The Aussie daredevil Valentino Guseli targeting Winter Olympics history with triple event
Australian snowboarder Valentino Guseli is used to pushing boundaries on the slopes but come February, the daredevil will chase Winter Olympics history, something his peers deem insane.
In a sport where it sometimes helps to be a little crazy, Australian snowboarder Valentino Guseli is hellbent on doing something everyone else reckons is insane.
Olympic snowboarders pride themselves on pushing the boundaries, attempting outrageous tricks that mere mortals would never think of, let alone carry through.
Their stunts are often so wild and dangerous that even the very best competitors stick to one - or at most two - different events, to protect their safety as much as their sanity.
But not Guseli. The 20-year-old daredevil from the New South Wales south coast is spurning the easy approach for something out of the ordinary.
At next year’s Milano Cortina Winter Olympics, Guseli intends to compete in all three snowboard disciplines: half-pipe, slopestyle and big air.
His reason? He can’t pick between them.
“Lots of people, well everyone basically in my sport, specialises in either slopestyle, big air, or half pipe,” he told Code sports.
“There’s very few riders that try and compete in everything. I can’t decide which one I like the most, so I just kept doing them all.”
No male snowboarder has ever entered three events at the Olympics but Guseli is not your typical snowboarder.
A teenage sensation who broke the world record for the highest half-pipe jump when he was in his teens, he has genuine medal chances in all three disciplines after regularly ending up on the podium in World Cup competitions and picking up three crystal globes for winning the overall series.
Just 16 when he made his Olympic debut at Beijing in 2022, he finished sixth in the half-pipe but is confident he can handle three times the workload this time.
“Even in the last Olympics that was what I wanted to do, but I didn’t have much experience at that point since it was only my second year at World Cup level,” he said.
“So now four years later and with multiple podiums in every discipline, I definitely have a lot more experience so I’m gonna do my best to get all three.”
Six Australians have won two medals at the Winter Olympics in their careers but none have won two at a single Olympics.
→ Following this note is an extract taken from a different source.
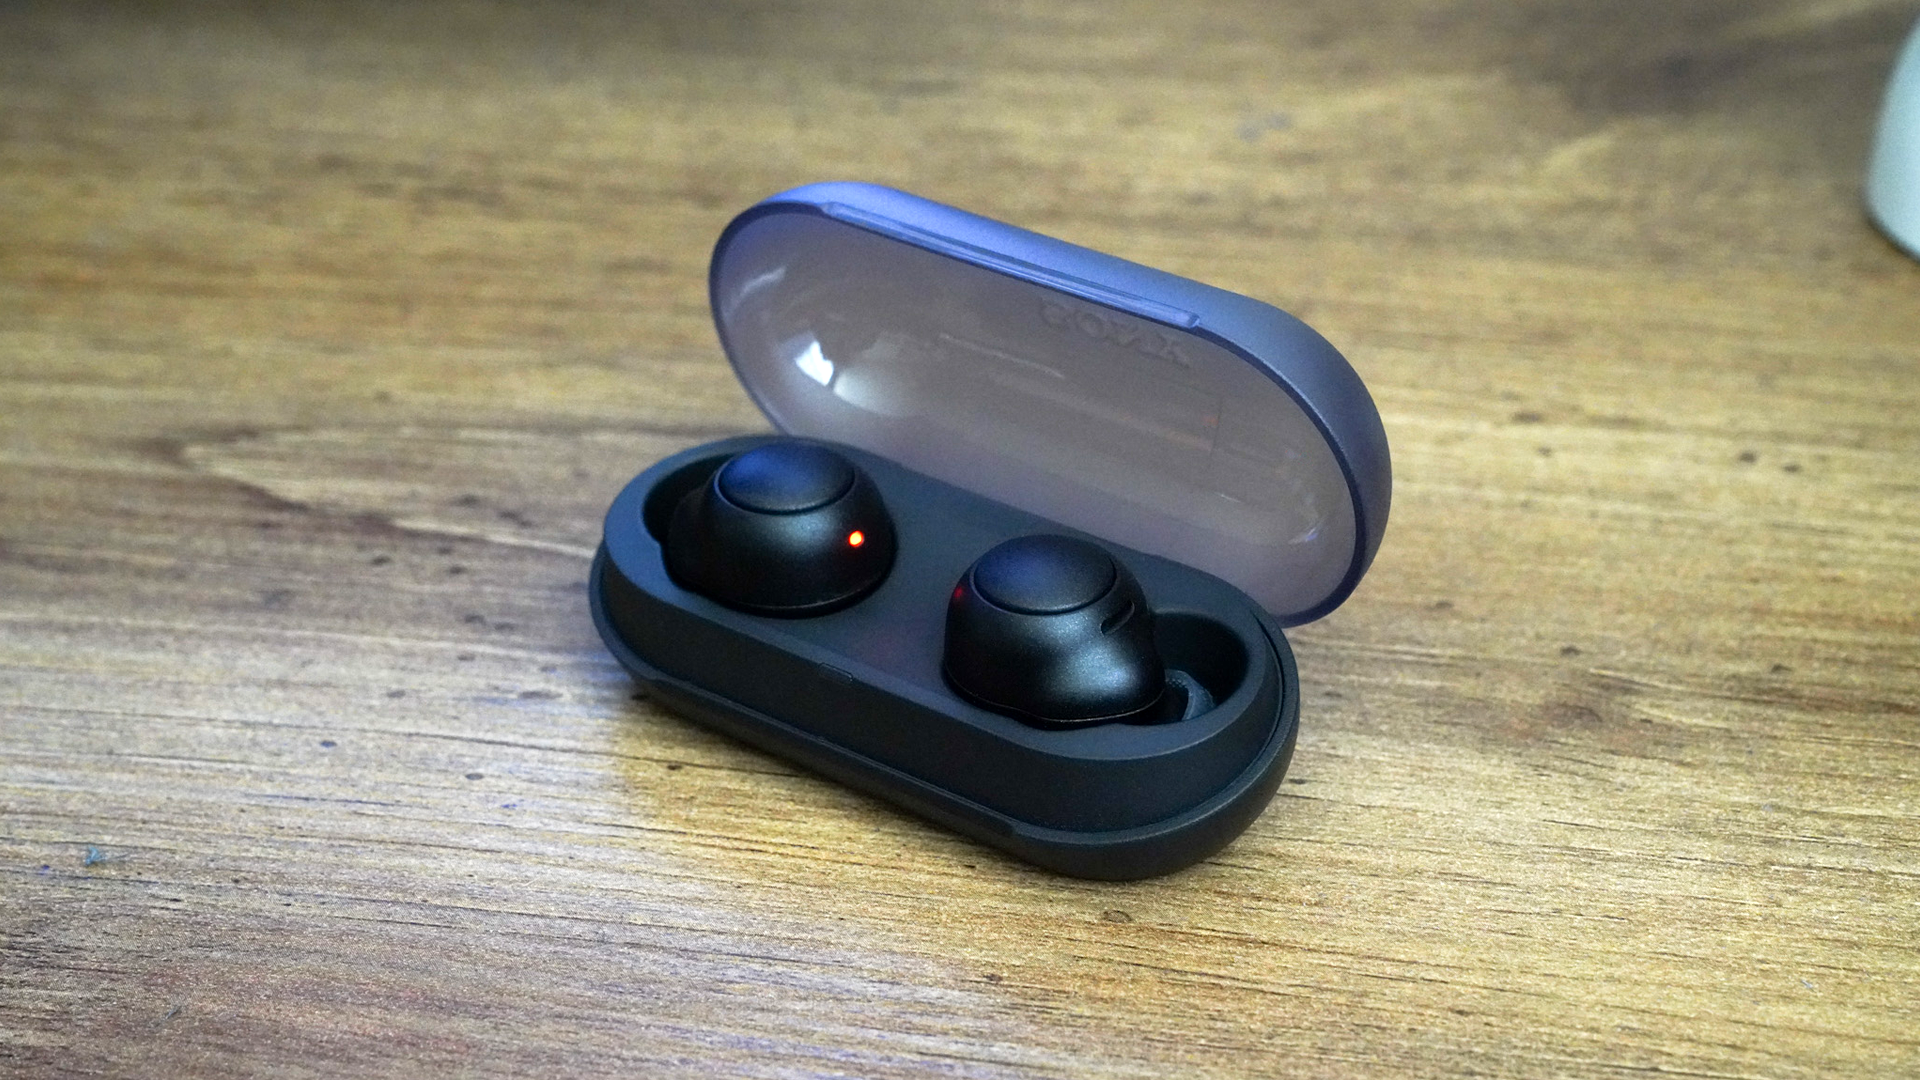 Sony WF-C500 Earbuds Review: Great Sound, Long Battery Life

Qualifying for all three events would have been a stroll in the park for Guseli before things suddenly went haywire last year and he injured his knee, requiring ACL surgery.
Because the qualifying period for the Olympics started in August 2024, he missed the first season, leaving him chasing enough points in the upcoming World Cup series to qualify.
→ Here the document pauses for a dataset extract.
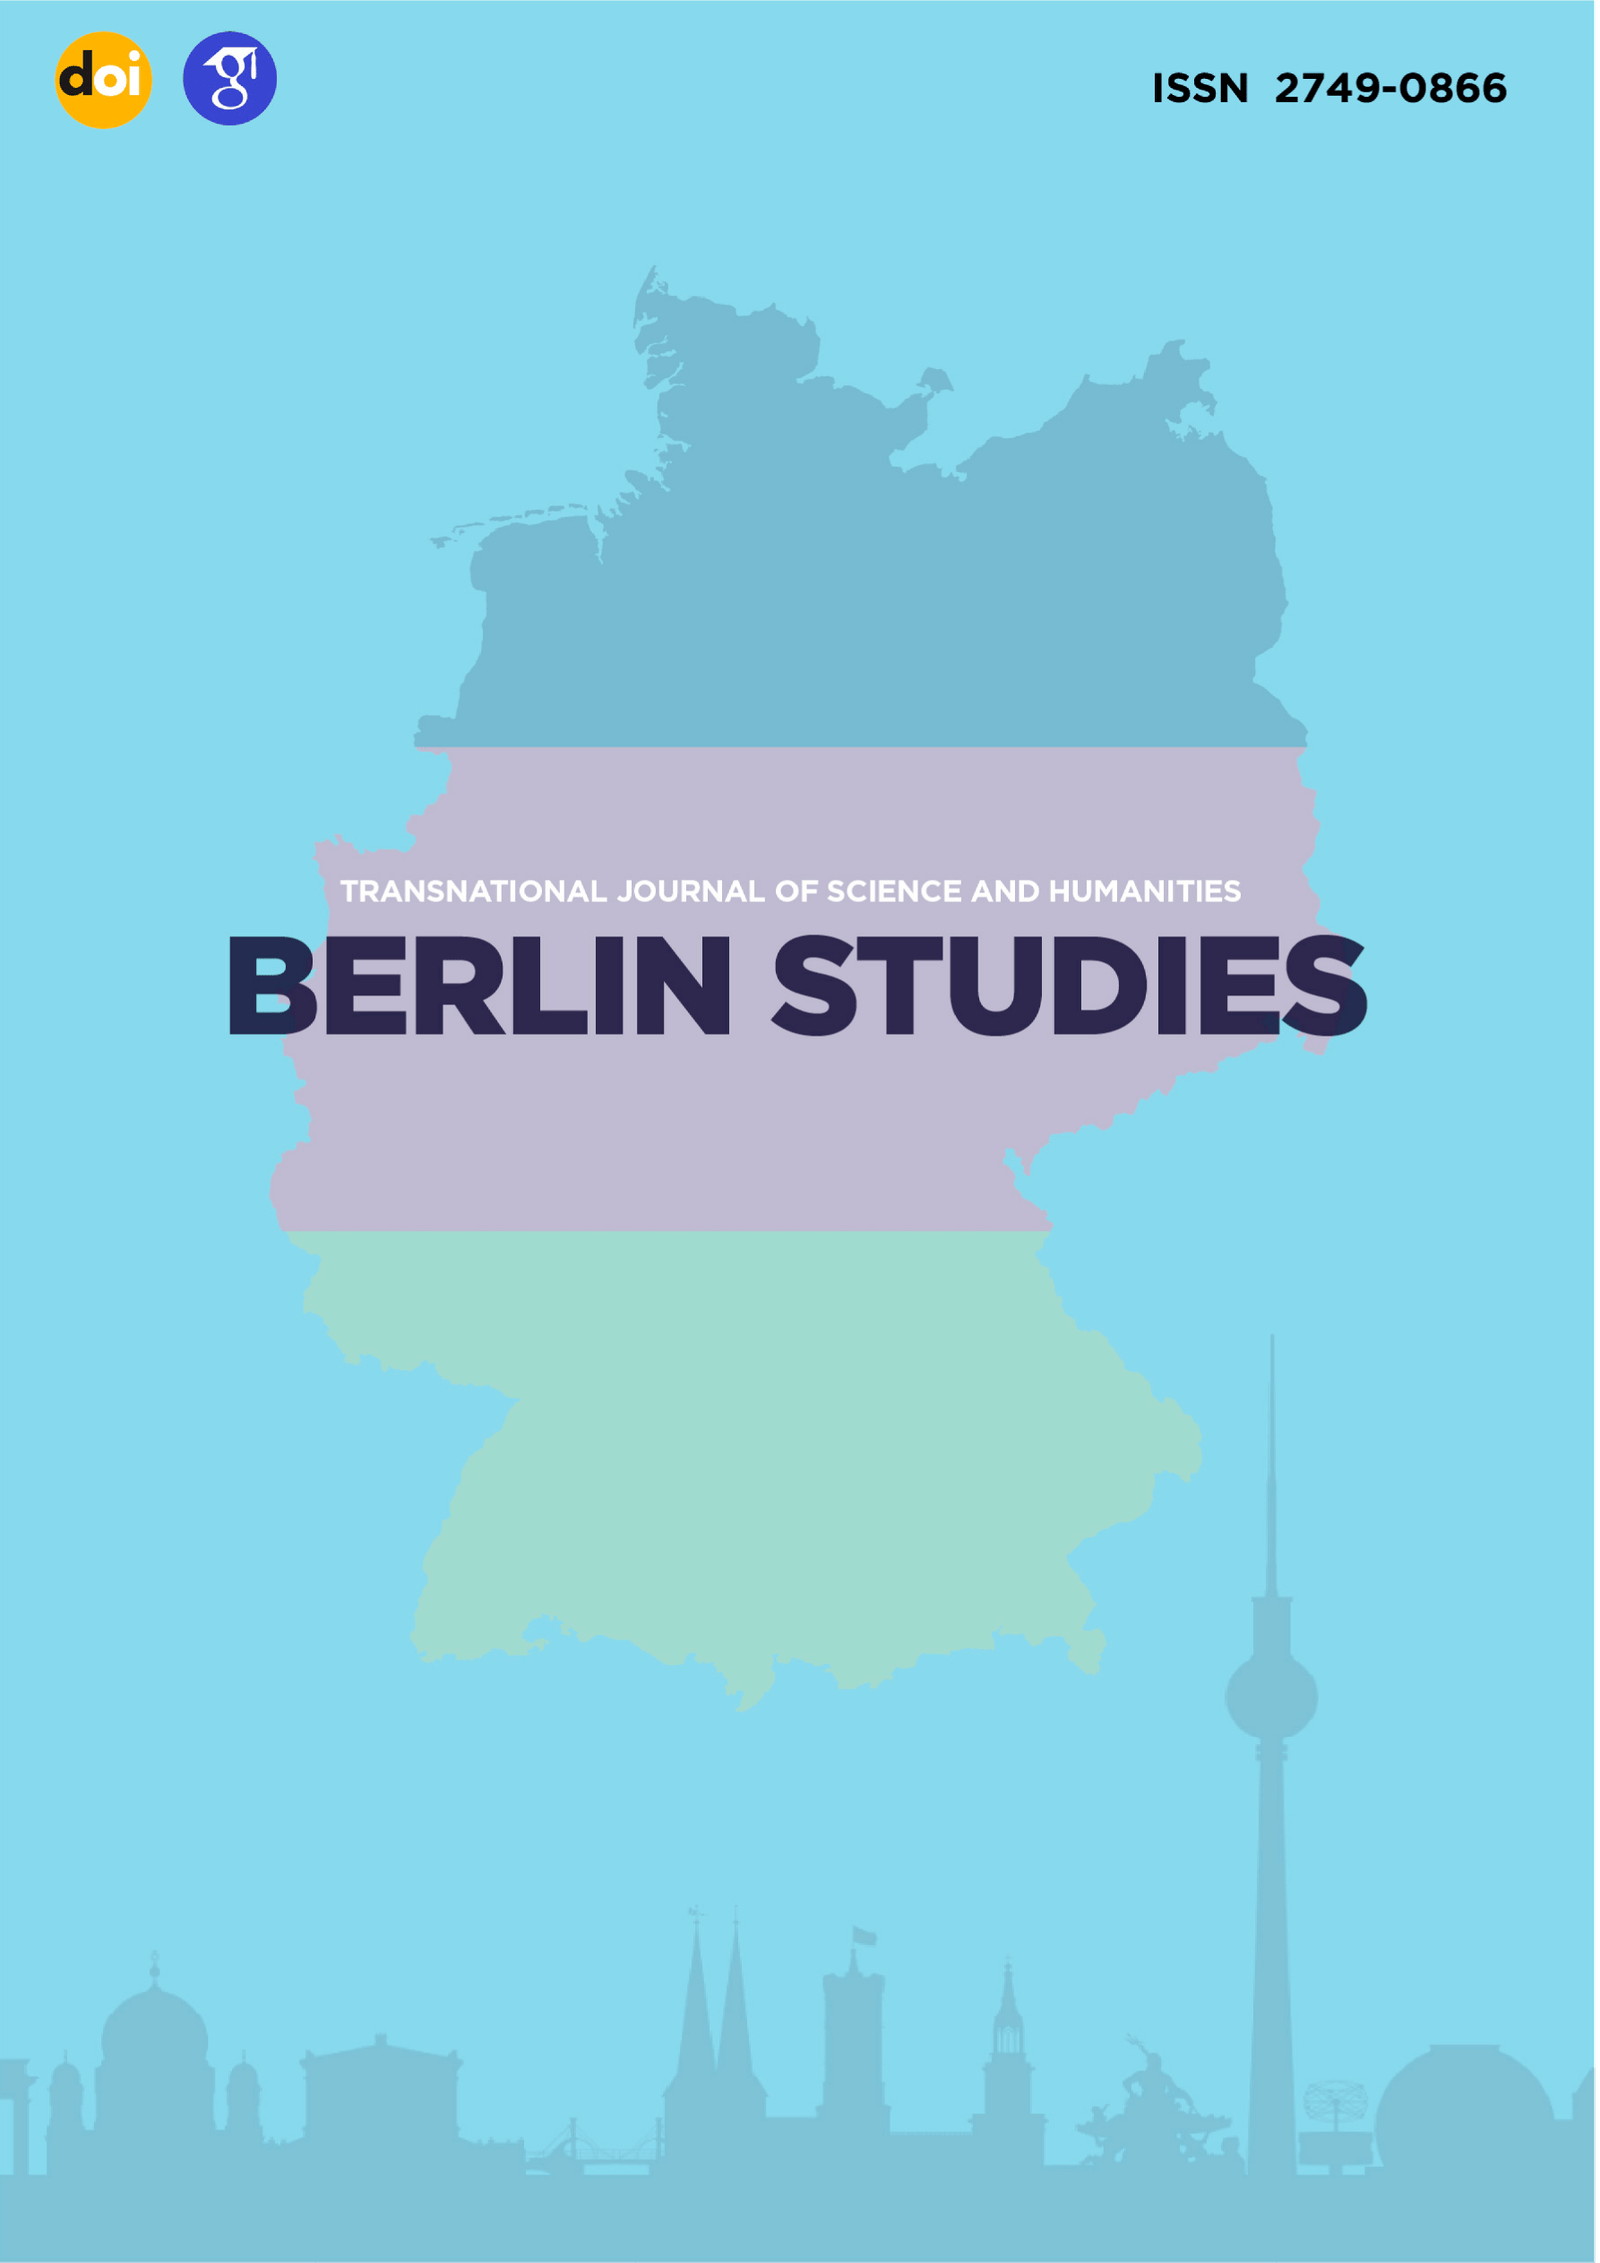 					View Vol. 1 No. 1.2 Historical sciences (2021): Berlin Studies Transnational Journal of Science and Humanities

If everything goes according to plan, he’ll still qualify for all three but the margin for error is thin.
“In theory Australia is allowed to have four in each discipline but we don’t have four in each discipline that are capable of making it,” he said.
“So, I basically just need to reach the international Olympic criteria, which is top 30 in the world, adjusted for other countries that have gone past four. So if Japan has eight people in the top 30, then the bubble spot gets pushed to 34.
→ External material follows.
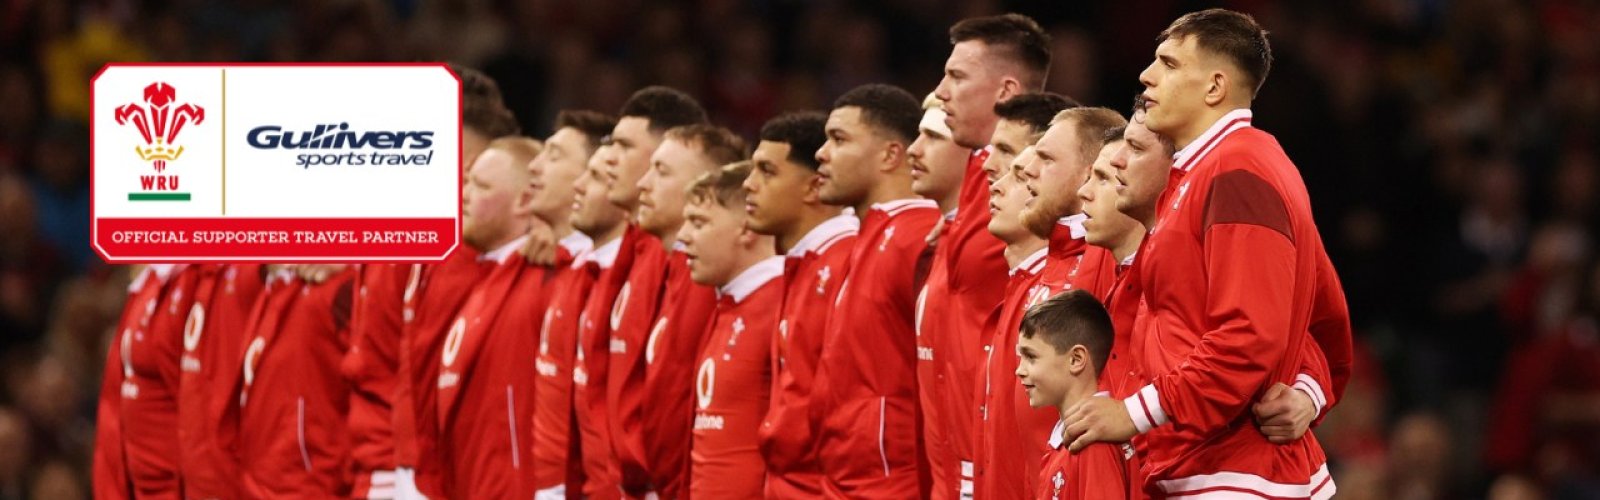 Wales Guinness Six Nations 2025 match ticket packages

“It usually ends up being around top 40, which any other year would have been no problem. But just because I had my little injury last November - which was a little injury but with a really big rehab that just takes a long time to get back - I missed all the comps and I’m at nothing.
“It’s not going to be as easy as it would have been. I absolutely believe that I can still make it happen as long as I just stay healthy, compete in all the comps, get consistent results”
To achieve his goal, Guseli is facing a treacherous and slippery path.
He’s just spent a month in Switzerland before heading to Austria for a month. After that, he’ll head to China for a fortnight, then the United States for a month, Canada for a week, back to America for seven days then finally to Italy for the Olympics.
It’s a hectic schedule made even more difficult because of the different requirements for each of his events, which are mind-boggling to consider.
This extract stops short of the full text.